Scotland’s Suffragettes
In recognition of the centennial celebration of the Representation of the People Act of 1918, which ensured the right to vote for women who were over thirty and met minimum property qualifications, the resident facilitated three Wikipedia editing events for the university’s Festival of Creative Learning, International Women’s Day, and Processions 2018. Participants researched, published, and illustrated new Wikipedia articles about Scotland’s suffragettes. These newly published open educational resources are an act of solidarity and celebration so that the stories of these extraordinary women’s contributions to women’s suffrage will be read, added to, and remembered.
In total, staff and student volunteer editors surfaced 34 new biography articles on Wikipedia about Scotland’s suffragettes and improved 220 more articles so that people could discover all about the important contributions these women made in the fight for women’s suffrage, individually and collectively. Images of these women help make their stories more impactful, more real, and more human. Editors identified images and contacted libraries, archives, and museums to ask if they would consider sharing these images openly as a gift to the cultural commons. Many were only too happy to help illustrate these new pages, and, by extension, help bring these stories to a modern audience through the creation of a new interactive timeline of women’s suffrage in Scotland.

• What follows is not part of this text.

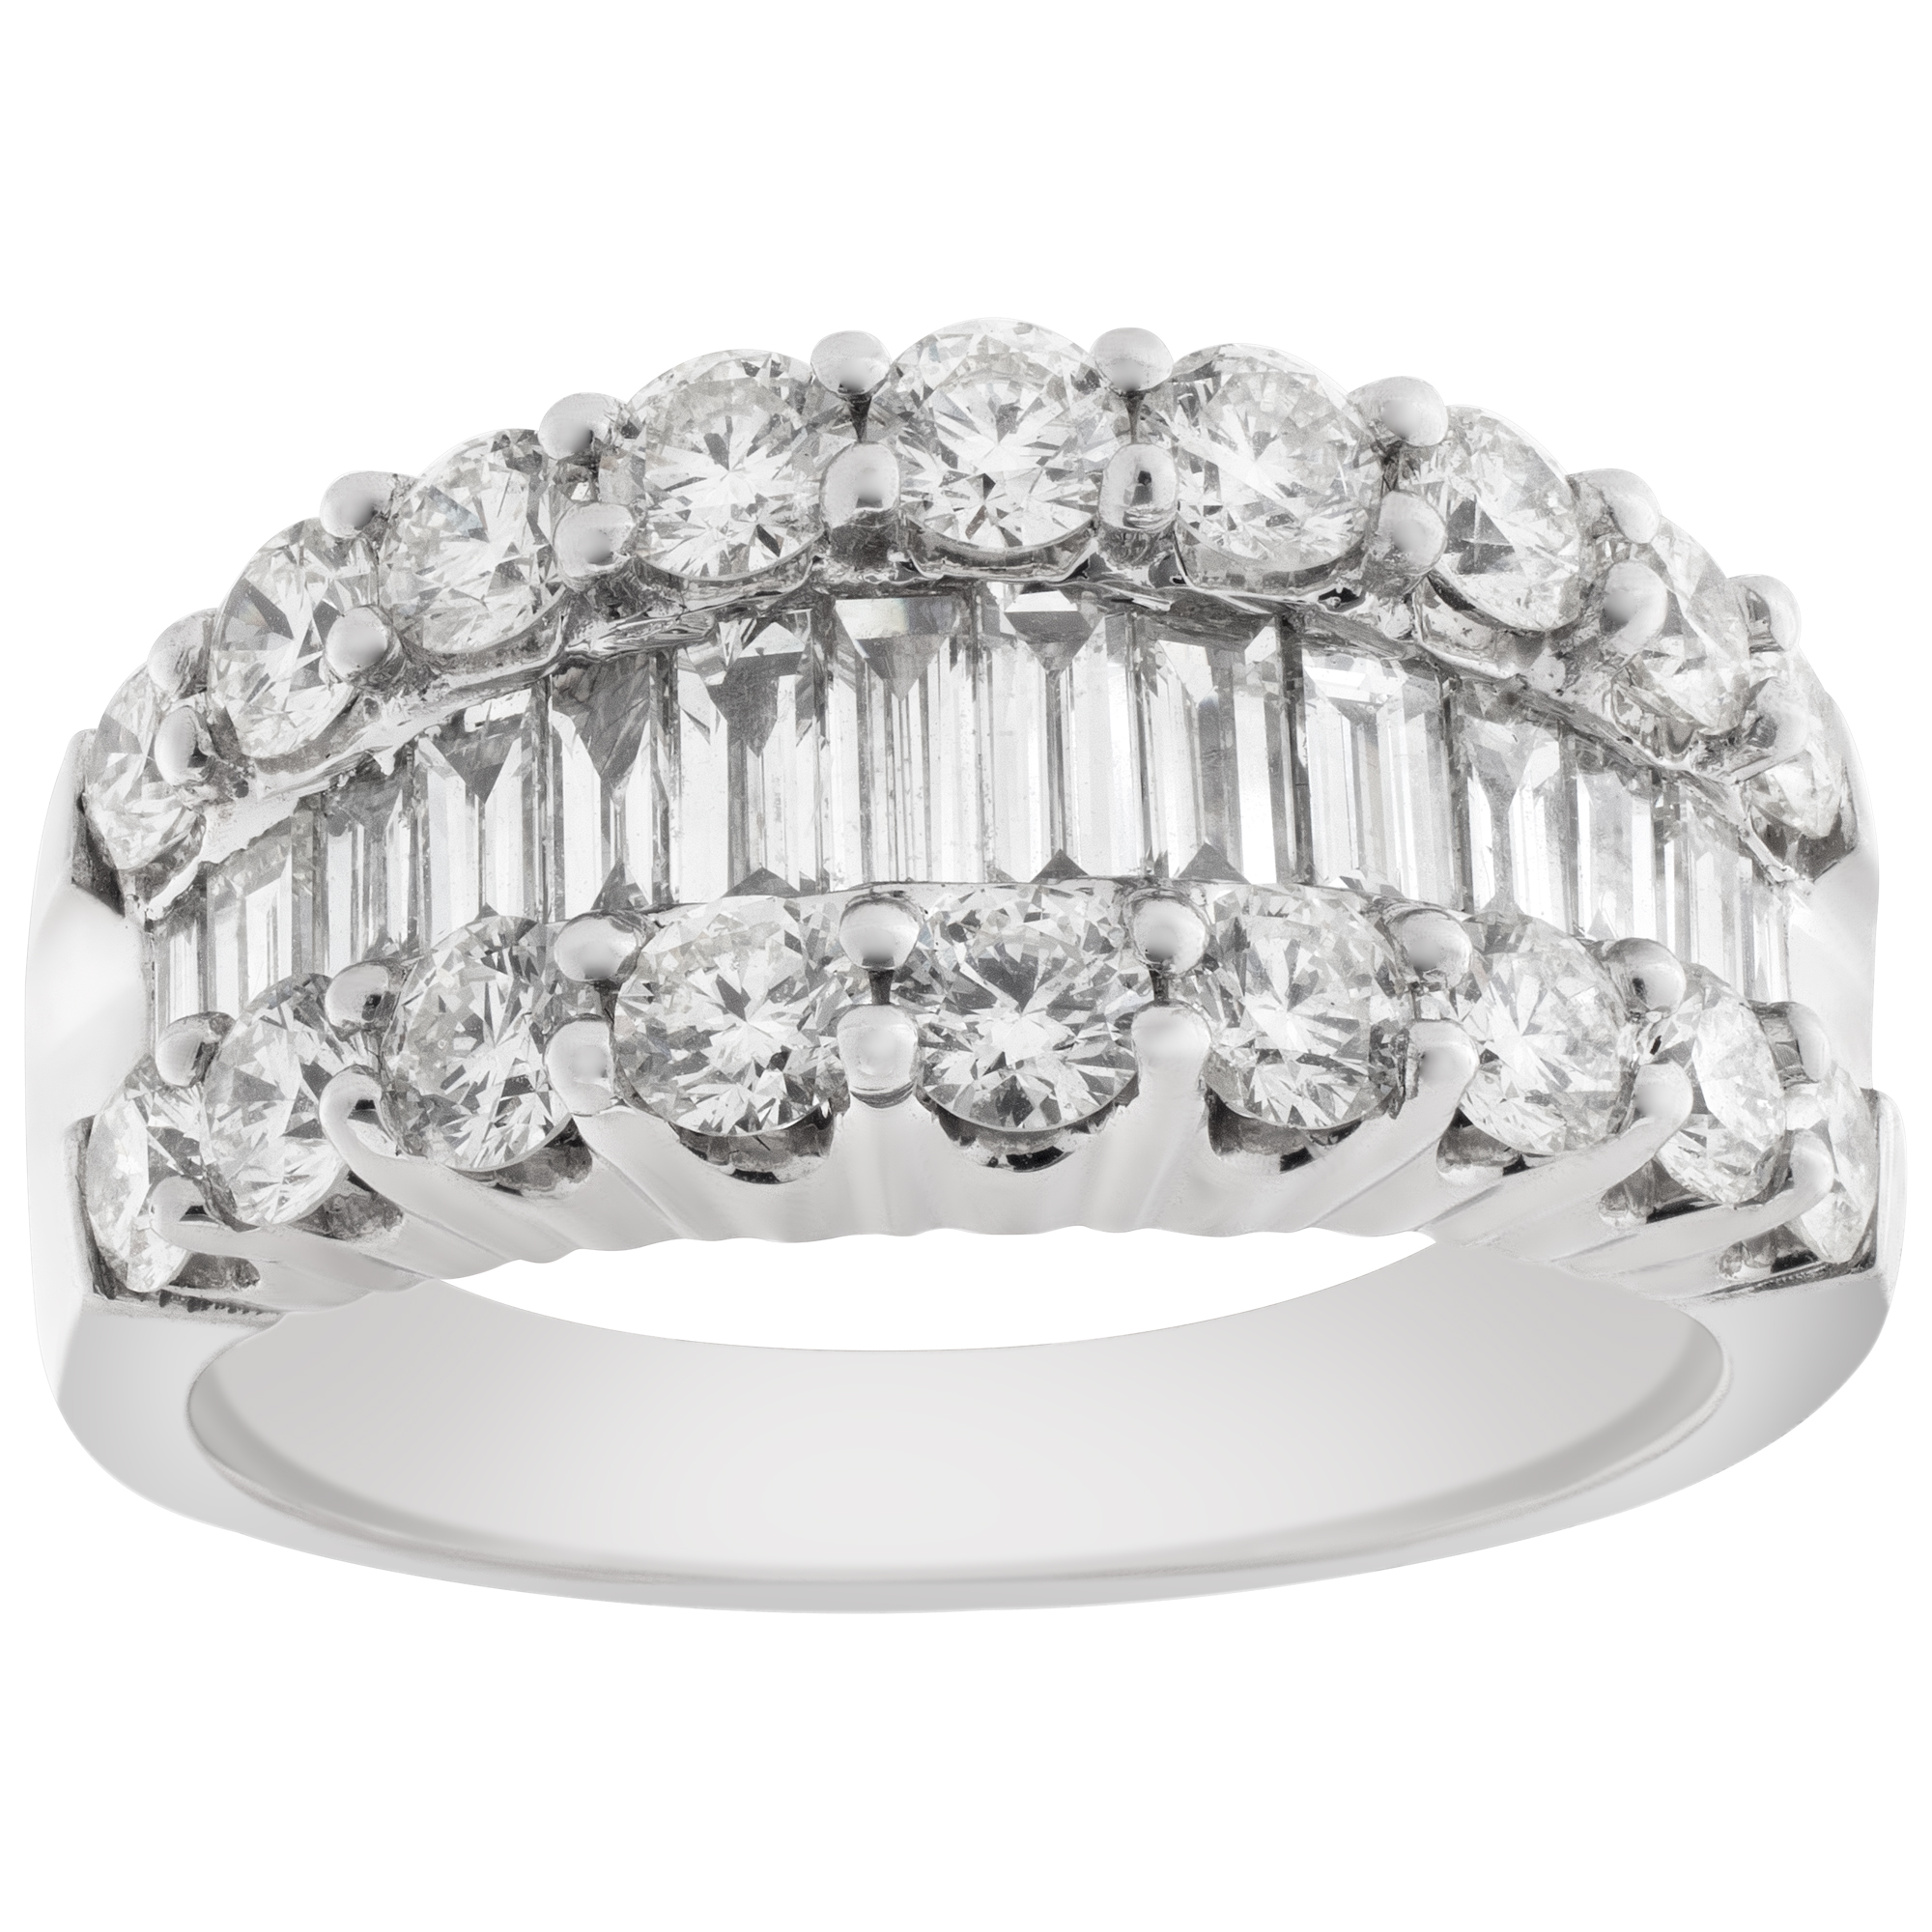 Ladies ring in 14k white gold with 2.81cts in round and baguette diamonds image 1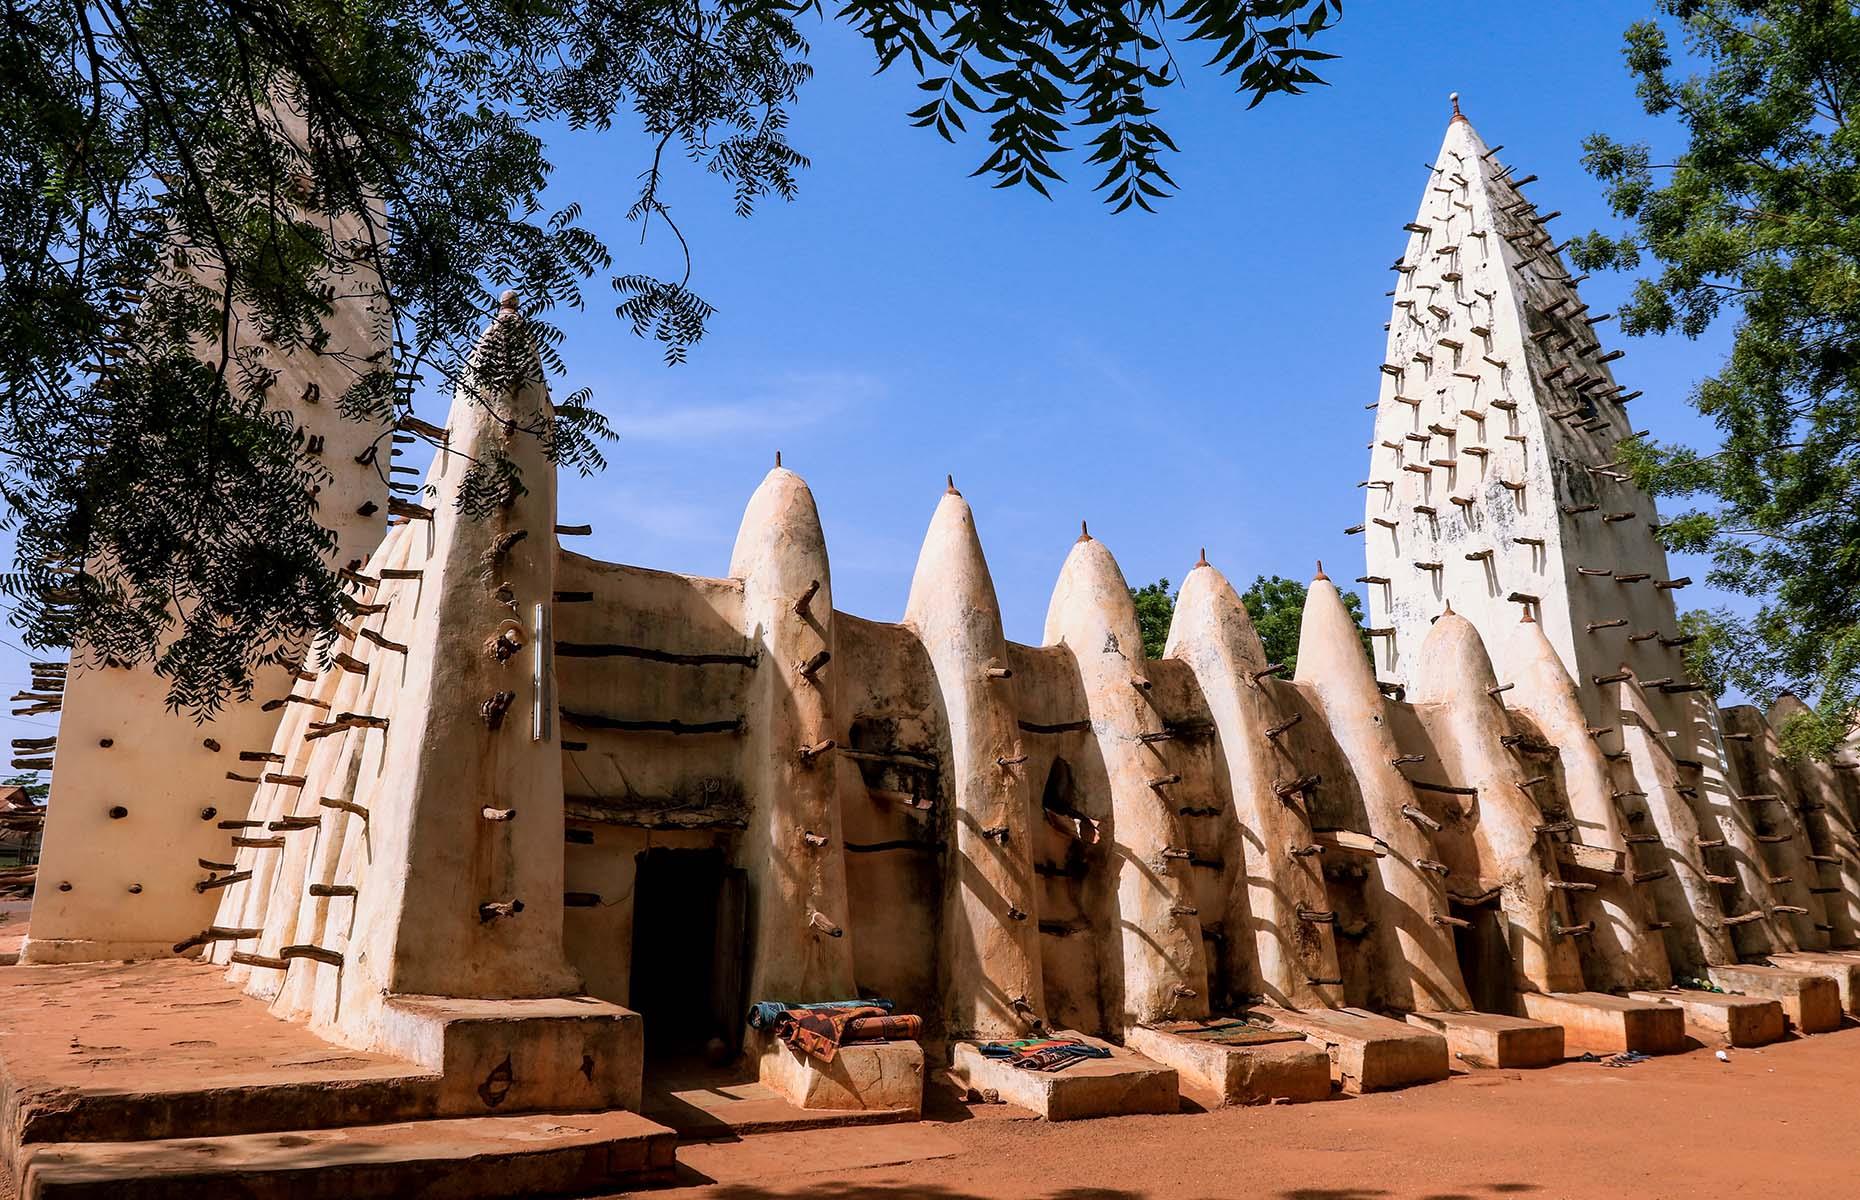 This west African country gained independence in 1960 and was then known as Upper Volta, but changed its name to Burkina Faso – which means ‘land of honest people’ – in 1984. It’s home to plenty of cultural highlights including the Grand Mosque at Bobo Dioulasso (pictured), a striking structure that’s actually made of whitewashed mud with logs sticking out at an angle, and the Loropeni ruins; the country’s first UNESCO World Heritage Site.

An Interactive Timeline of Women’s Suffrage
A hybrid exhibition, showcasing both digital and physical artifacts, was created by the residency in collaboration with the Library and University Collections team in November 2018. The exhibition unveiled a bespoke Histropedia digital timeline of women’s suffrage in Scotland (Vote 100—Histropedia Timelines, 2018) allowing the newly created Wikipedia pages on Scotland’s suffragettes to be explored collectively via an interactive website, accessible online and on a smart table in the library foyer.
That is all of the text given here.